### GOAL OF THE EXERCISE
Beginning with the line containing "Destination Gansbaai South Africa" and going on through the line containing "Espresso machine and cookies", the lines below are to be returned exactly, pictures excluded and nothing added.

### DATASET RECORDS
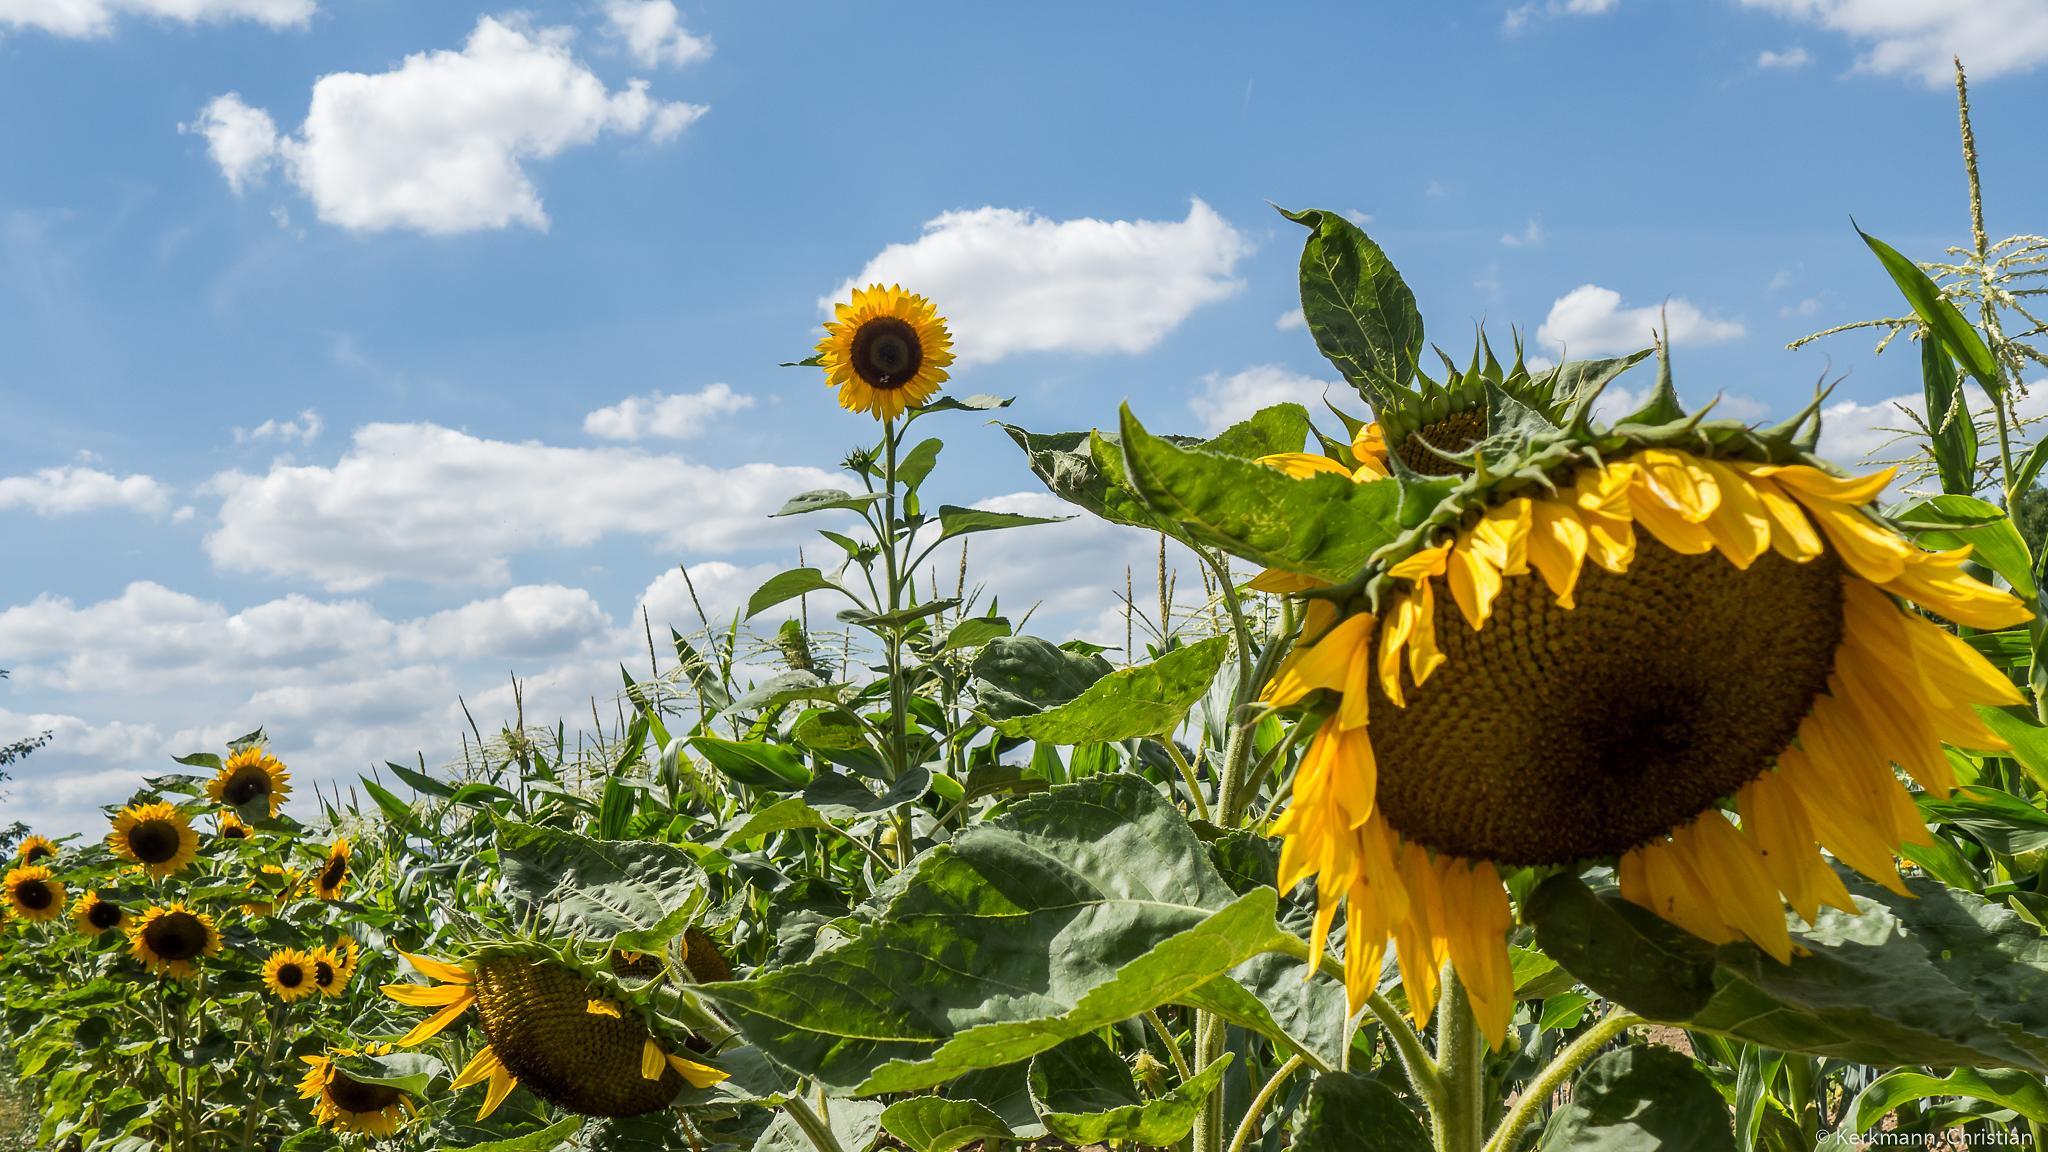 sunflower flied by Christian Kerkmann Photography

---

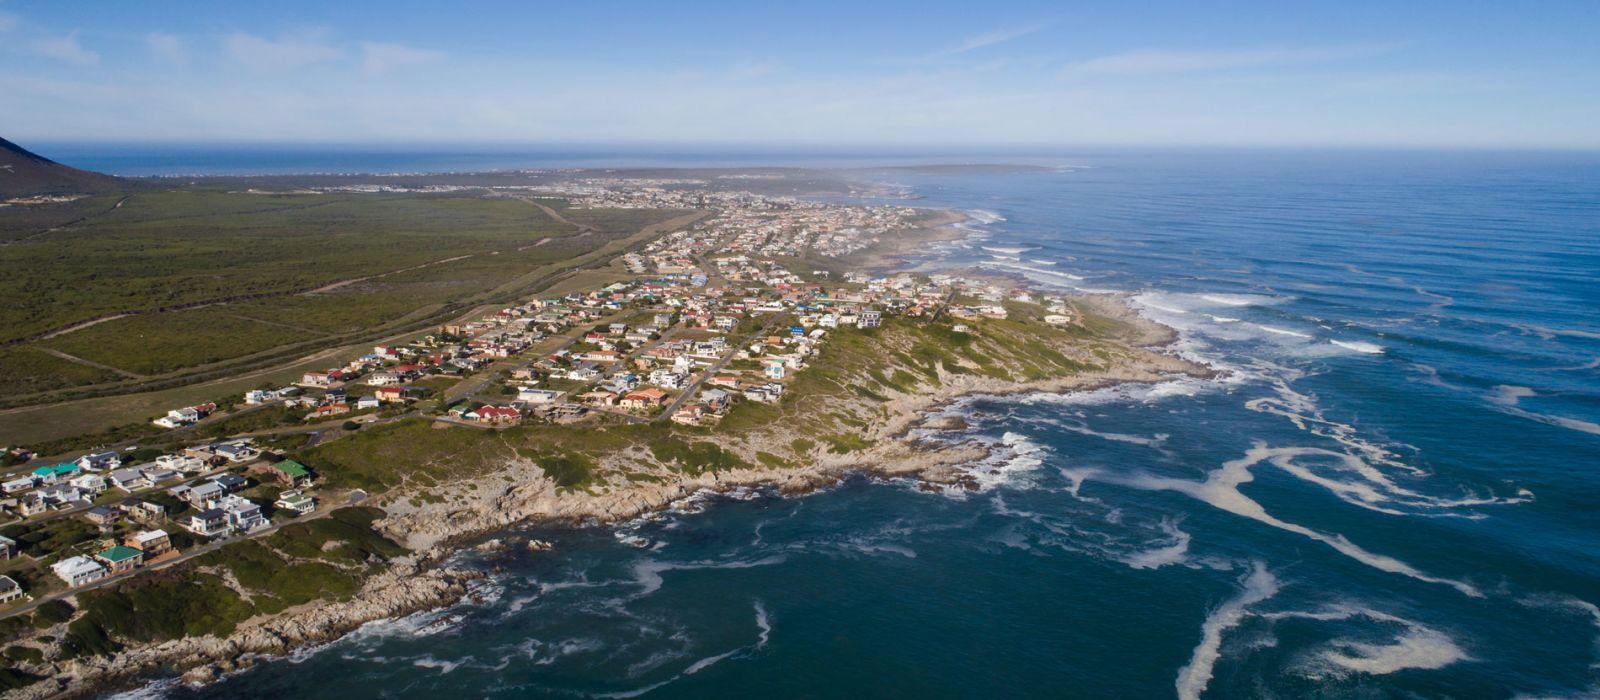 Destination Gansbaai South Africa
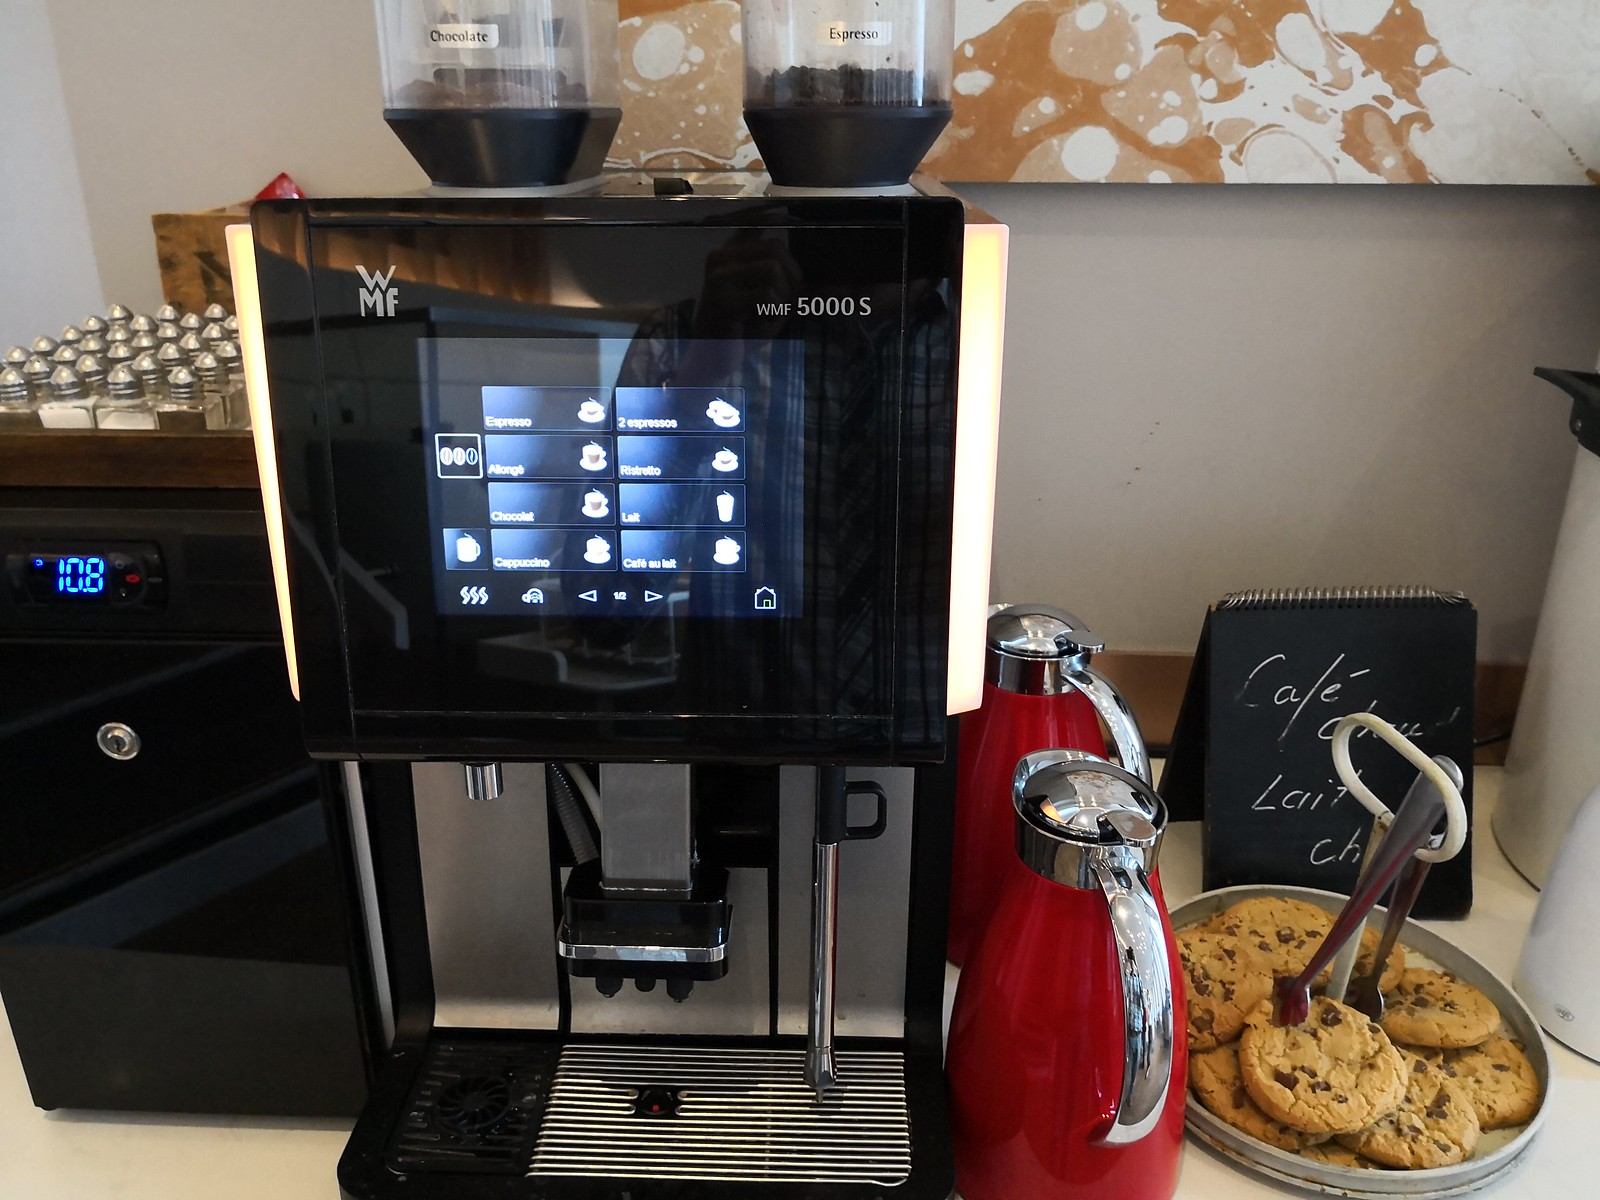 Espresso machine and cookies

### RESPONSE
 Destination Gansbaai South Africa
 Espresso machine and cookies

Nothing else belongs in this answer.